We also were able to easily and quickly identify that after 5 weeks we needed to reapproach our campaign strategy with regards to our other two segments, BOTG & unsegmented, as soon as they started to lag behind our baseline numbers.
This also helped us learn OUR audience, which can oftentimes deviate from the industry standard, which allows us to better target the companies/people WE want to target.
Executive & BOTG segments: Open rates for executive segment was highest on Mondays & Fridays - which goes directly against market research that says these days have the lowest open and engagement rates.

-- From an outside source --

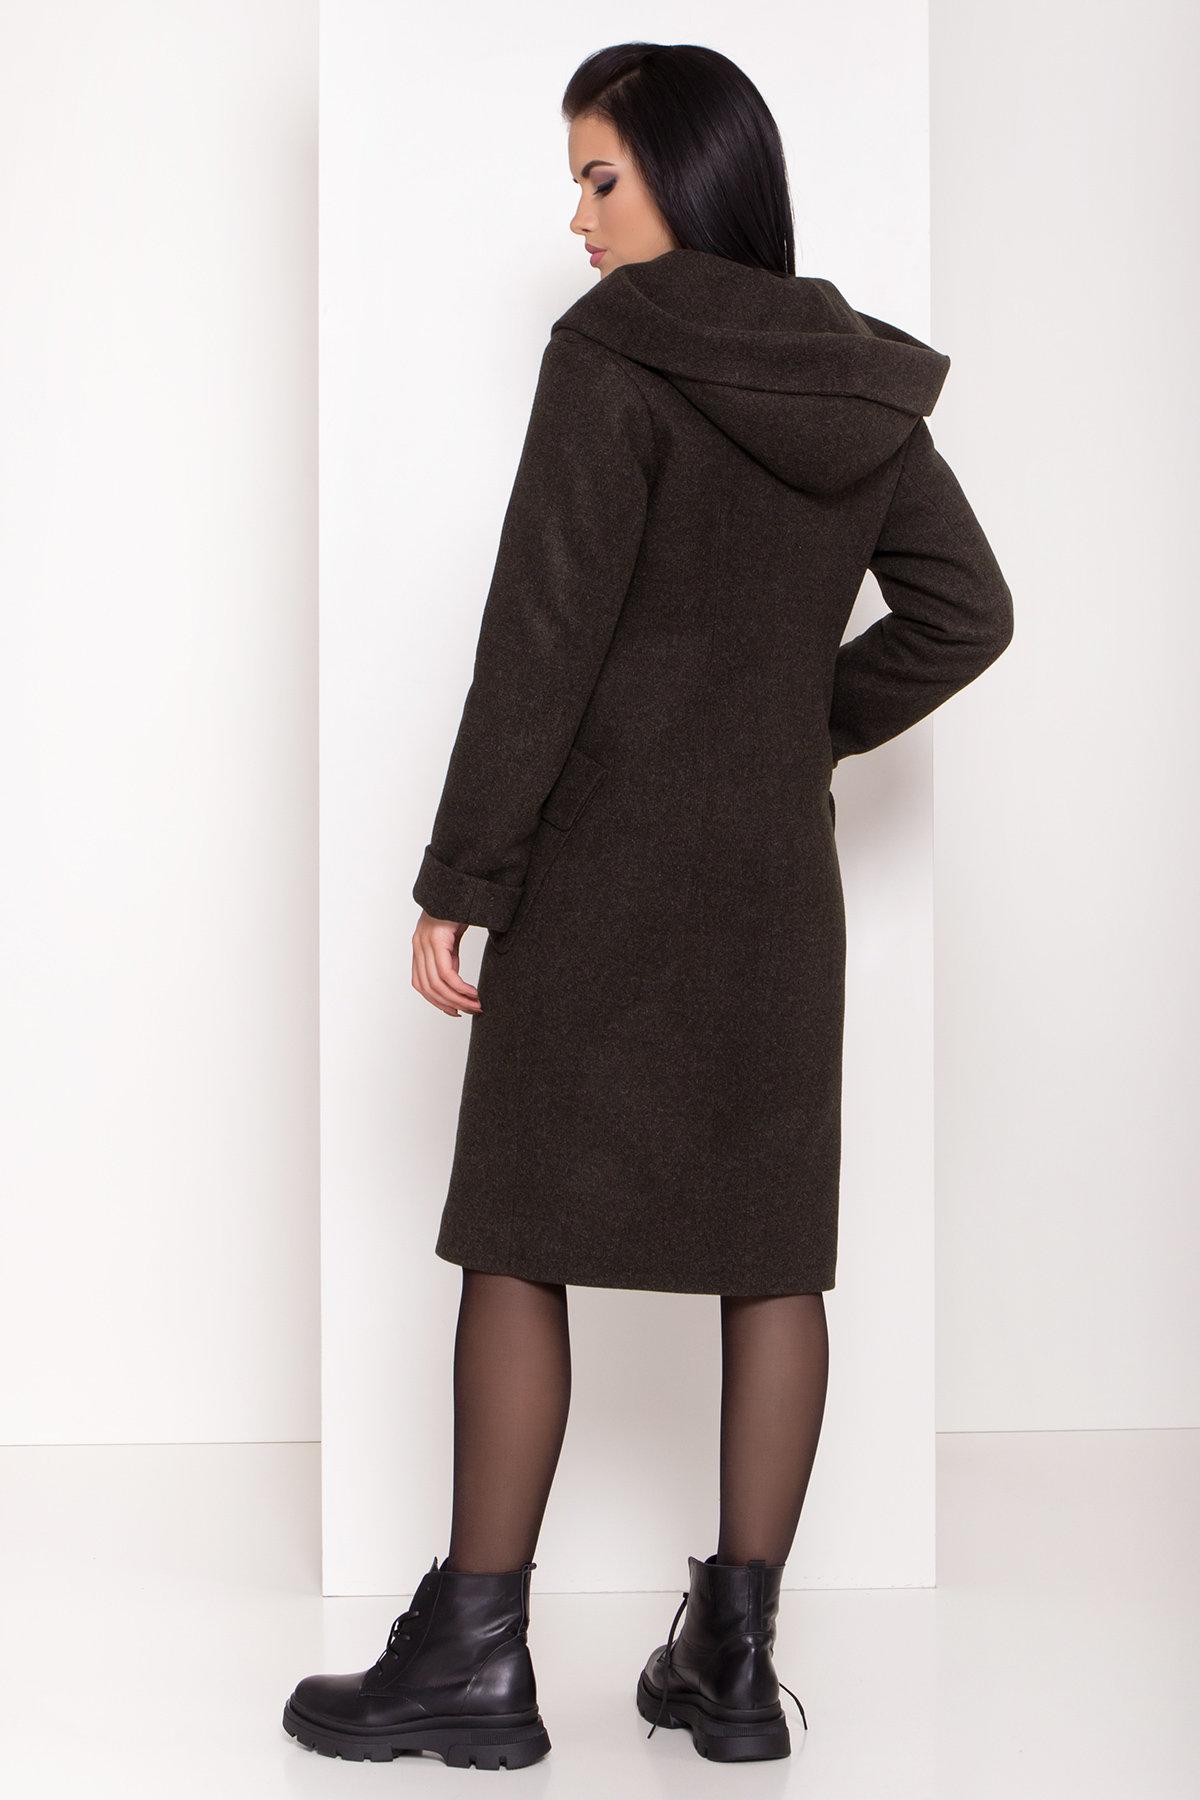 Женское пальто зима с накладными карманами Анджи 8299 АРТ. 44424 Цвет: Хаки - фото 3, интернет магазин tm-modus.ru

Technical & unsegmented segment: Open rates held steady from Mon-Wed, but we had the highest engagement rate on Tuesday for the technical segment.
We also conducted A/B tests with subject lines and discovered that asking a question instead of offering a value prop received higher open rates, regardless of length and regardless of segment. Additionally, we discovered that email copy length does make an impact, with shorter emails outperforming longer emails with regards to CTR in some cases by up to 11%.
This insight is only available because we designed a profiling process that was testable and we committed ourselves to executing against the data despite our individual “expertise” and egos.
Once we conducted a day of the week test and implemented a strategy based on these results, we saw our open rates increase by 2.1% after 5 weeks for our Executive segment and by 1.3% in the technical segment.